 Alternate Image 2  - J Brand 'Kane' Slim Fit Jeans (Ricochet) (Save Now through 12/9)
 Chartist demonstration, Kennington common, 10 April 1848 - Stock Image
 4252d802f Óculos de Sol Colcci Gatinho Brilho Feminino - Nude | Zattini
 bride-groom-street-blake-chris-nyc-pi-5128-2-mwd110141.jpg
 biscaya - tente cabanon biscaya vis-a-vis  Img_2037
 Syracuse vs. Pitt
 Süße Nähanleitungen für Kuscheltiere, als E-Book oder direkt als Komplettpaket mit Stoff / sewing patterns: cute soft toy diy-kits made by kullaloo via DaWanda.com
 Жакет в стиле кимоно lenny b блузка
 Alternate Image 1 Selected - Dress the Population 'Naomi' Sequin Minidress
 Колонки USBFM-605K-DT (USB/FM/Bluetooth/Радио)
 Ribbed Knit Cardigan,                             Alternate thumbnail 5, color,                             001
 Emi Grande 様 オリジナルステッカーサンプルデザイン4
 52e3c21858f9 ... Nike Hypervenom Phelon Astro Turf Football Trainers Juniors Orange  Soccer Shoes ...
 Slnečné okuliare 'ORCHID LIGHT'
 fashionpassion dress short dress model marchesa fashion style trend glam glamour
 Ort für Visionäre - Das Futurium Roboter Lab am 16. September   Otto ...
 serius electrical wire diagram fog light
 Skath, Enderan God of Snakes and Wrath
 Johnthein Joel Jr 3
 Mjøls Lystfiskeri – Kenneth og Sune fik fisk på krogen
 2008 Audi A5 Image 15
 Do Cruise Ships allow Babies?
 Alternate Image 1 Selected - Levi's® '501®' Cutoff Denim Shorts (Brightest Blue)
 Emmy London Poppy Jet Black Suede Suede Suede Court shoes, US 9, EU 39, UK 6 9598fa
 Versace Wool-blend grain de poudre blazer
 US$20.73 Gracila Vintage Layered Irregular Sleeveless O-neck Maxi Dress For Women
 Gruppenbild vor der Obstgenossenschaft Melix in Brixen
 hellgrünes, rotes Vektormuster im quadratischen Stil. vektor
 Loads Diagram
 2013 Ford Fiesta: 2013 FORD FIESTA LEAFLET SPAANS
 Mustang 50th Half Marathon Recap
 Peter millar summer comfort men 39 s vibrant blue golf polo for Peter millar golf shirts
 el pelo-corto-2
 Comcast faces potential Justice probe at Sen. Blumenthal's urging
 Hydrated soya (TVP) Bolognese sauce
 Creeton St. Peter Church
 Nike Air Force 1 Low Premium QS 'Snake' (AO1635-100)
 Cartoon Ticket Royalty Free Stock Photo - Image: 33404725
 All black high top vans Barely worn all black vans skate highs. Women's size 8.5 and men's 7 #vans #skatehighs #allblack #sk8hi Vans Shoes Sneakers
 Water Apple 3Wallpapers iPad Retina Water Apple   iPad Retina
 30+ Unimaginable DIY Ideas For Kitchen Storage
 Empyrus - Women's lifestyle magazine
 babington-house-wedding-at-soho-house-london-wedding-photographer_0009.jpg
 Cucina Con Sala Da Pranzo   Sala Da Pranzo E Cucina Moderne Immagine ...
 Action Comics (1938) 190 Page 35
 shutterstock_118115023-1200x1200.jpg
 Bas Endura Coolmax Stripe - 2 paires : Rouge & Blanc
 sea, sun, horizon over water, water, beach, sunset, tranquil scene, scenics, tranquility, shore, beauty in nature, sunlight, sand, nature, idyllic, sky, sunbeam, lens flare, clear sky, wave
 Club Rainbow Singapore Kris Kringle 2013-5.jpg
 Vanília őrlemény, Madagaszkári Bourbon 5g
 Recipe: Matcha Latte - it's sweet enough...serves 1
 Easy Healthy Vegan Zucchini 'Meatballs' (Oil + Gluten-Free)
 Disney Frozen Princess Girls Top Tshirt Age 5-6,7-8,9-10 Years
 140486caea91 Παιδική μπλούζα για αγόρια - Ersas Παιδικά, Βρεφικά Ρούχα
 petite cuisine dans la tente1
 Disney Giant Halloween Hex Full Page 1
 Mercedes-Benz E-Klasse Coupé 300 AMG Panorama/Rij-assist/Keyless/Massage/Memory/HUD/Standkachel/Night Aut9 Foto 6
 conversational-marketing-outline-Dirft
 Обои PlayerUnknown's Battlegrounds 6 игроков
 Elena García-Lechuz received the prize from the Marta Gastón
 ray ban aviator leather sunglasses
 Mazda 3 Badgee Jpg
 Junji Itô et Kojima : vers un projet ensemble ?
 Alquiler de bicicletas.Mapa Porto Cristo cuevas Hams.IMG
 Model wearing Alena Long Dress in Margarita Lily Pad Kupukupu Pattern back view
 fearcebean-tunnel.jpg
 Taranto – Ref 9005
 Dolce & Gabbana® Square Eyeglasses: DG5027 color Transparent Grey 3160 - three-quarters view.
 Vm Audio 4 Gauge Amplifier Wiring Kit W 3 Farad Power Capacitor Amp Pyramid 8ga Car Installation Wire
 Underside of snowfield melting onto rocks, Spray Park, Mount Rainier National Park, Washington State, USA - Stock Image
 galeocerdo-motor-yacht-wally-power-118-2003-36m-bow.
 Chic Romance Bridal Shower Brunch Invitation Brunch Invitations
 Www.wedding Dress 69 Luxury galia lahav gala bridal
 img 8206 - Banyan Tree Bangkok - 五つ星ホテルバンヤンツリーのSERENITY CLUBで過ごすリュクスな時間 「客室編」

——————————

Tell how many lines of the data above include the string "view", with no other text in the answer.

2